LA RUANA, Mexico — A week after the federal government seized security functions in troubled Michoacan state, the organized crime group wreaking havoc in the state has gone to ground.
But the top three leaders of the Knights Templar gang remain at large, and the armed citizens militia that has put the gang on the run says it won’t give up its weapons until the leaders are caught.
“If they don’t capture these people, then we will remain armed,” said Hipolito Mora, one of the founders of the vigilante movement that began 11 months ago and has occupied much of the state where the Knights Templar had been active.
Mora spoke to reporters in an open-air shed one day last week, and his message wasn’t lost on Mexican federal officials. National Public Safety System Secretary Monte Rubido acknowledged in a news conference Sunday that smashing the Templar leadership is a top priority and that “it is essential … that the visible leaders of the criminal groups be arrested.”
Federal authorities dispatched hundreds of police officers and soldiers to Michoacan last week after the citizen militias surrounded Apatzingan, the headquarters of the Knights Templar, and threatened to seize the town.
Officials said they were concerned that any confrontation between the groups would cost scores of lives.
But Mora said the self-defense forces, as the vigilantes prefer to be called, had grown strong enough that they could prevail in battle with the Templars and would be ready to do the job if the federal forces couldn’t.
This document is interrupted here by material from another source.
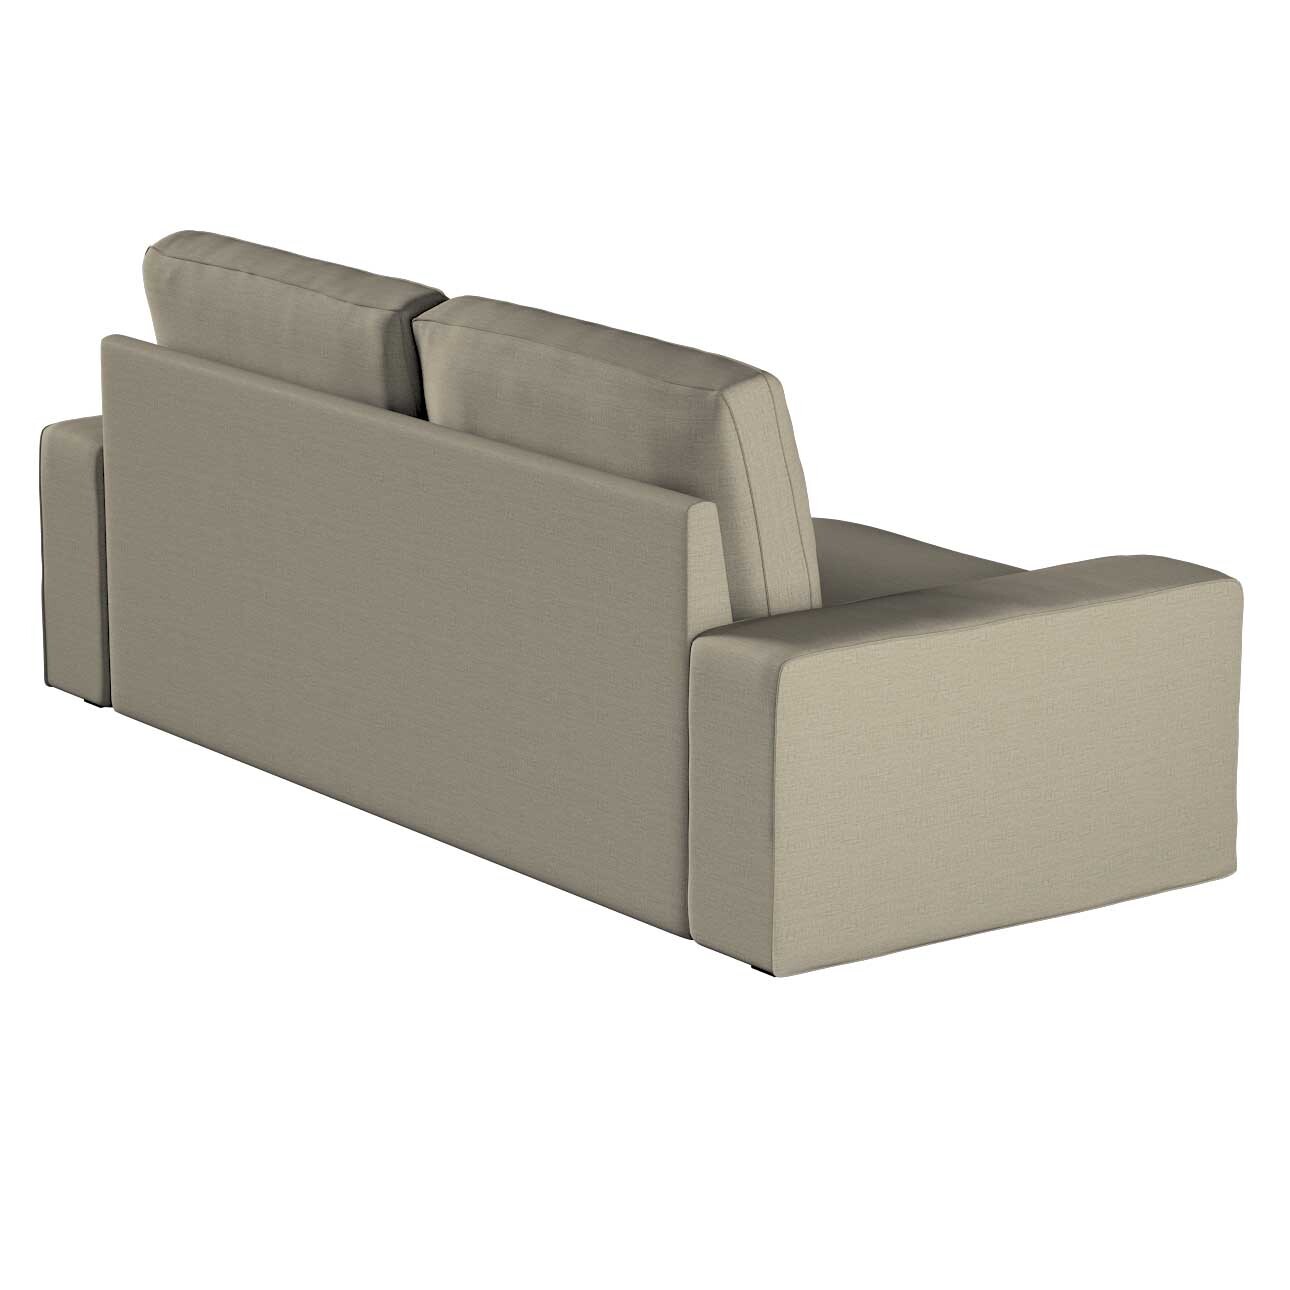 Bezug für Kivik 3-Sitzer Sofa, grau-braun, Bezug für Sofa Kivik 3-Sitzer, L günstig online kaufen
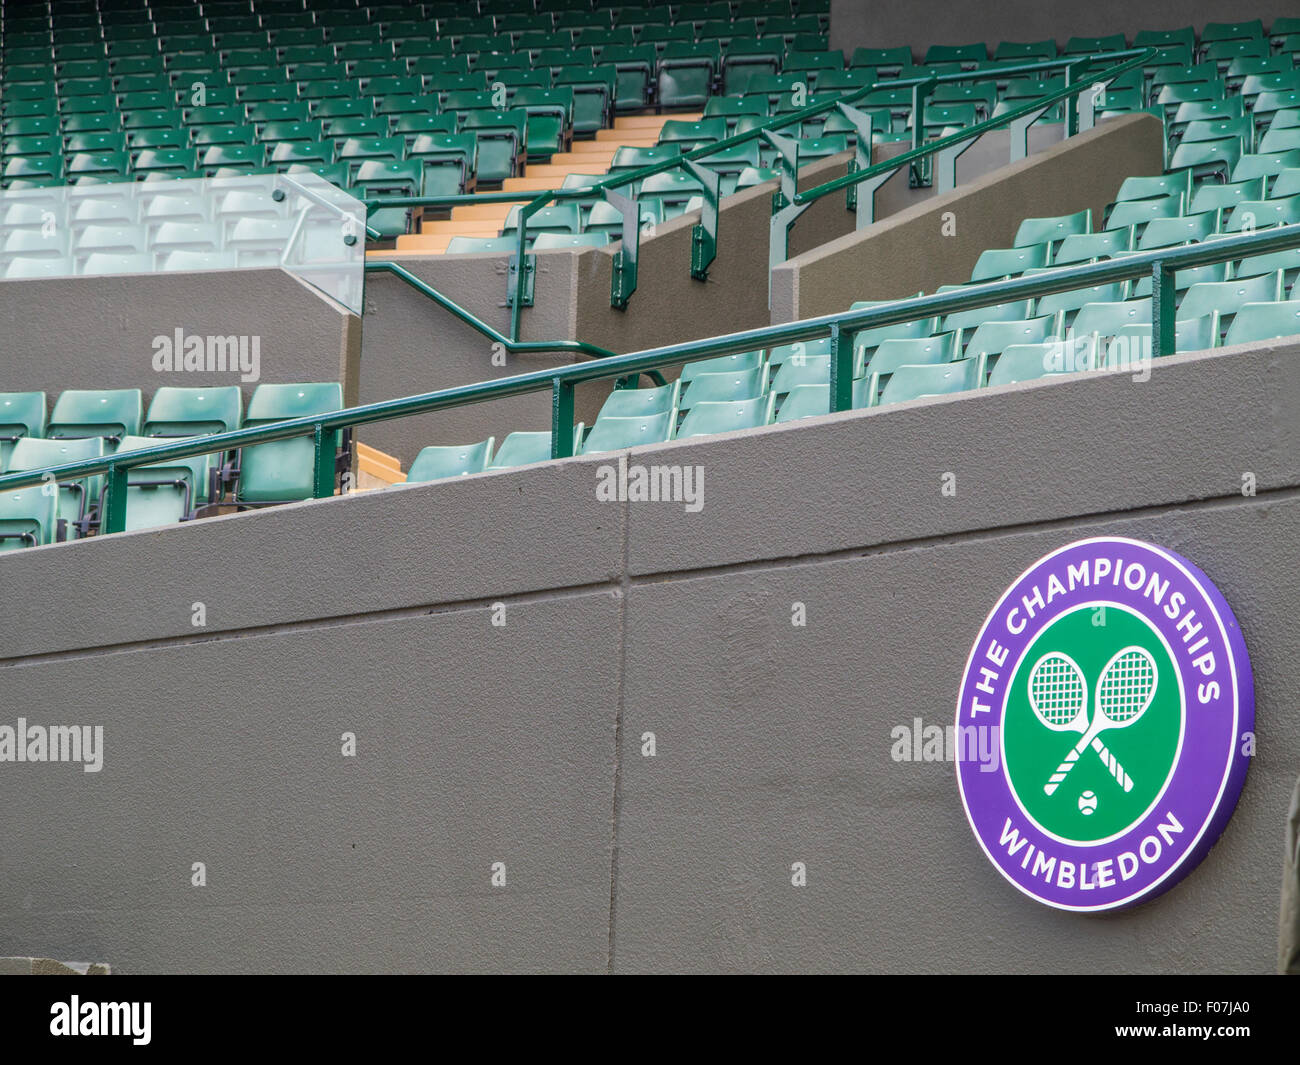 Un numéro de cour et des scènes de l'All England Club de tennis à Wimbledon, en Angleterre, la maison du tennis de Wimbledon Banque D'Images

When one reporter characterized the federal intervention as the last chance for the government to impose order, Mora did not demur. “I have no doubt that we will win,” he said.
The three top Templar leaders are thought to be Nazario Moreno (El Chayo), Enrique Plancarte (El Kike) and Servando Gomez (La Tuta).
In Apatzingan, the commercial hub and onetime stronghold of the Knights Templar, business owners are uncertain whether the federal campaign can produce arrests of any significance.
“They catch a stray cat and put it up as a grand capo,” scoffed Gonzalo Zaragoza, the secretary of the local branch of the Chamber of Commerce, Services and Tourism of Mexico. “Perhaps they want the national and foreign media to see them as dealing hard blows.”
Federal efforts to impose order in Michoacan have rarely brought success. In a headline-grabbing blow, investigators arrested 10 mayors in the state in May 2009 on charges of working for drug smugglers. But the prosecutions collapsed, and all charges were dismissed.
Templar bosses in Michoacan have been uncommonly open about their identities. They post YouTube videos that show their faces and have been seen in public in several towns.
Journalists have located several mansions that belong to them.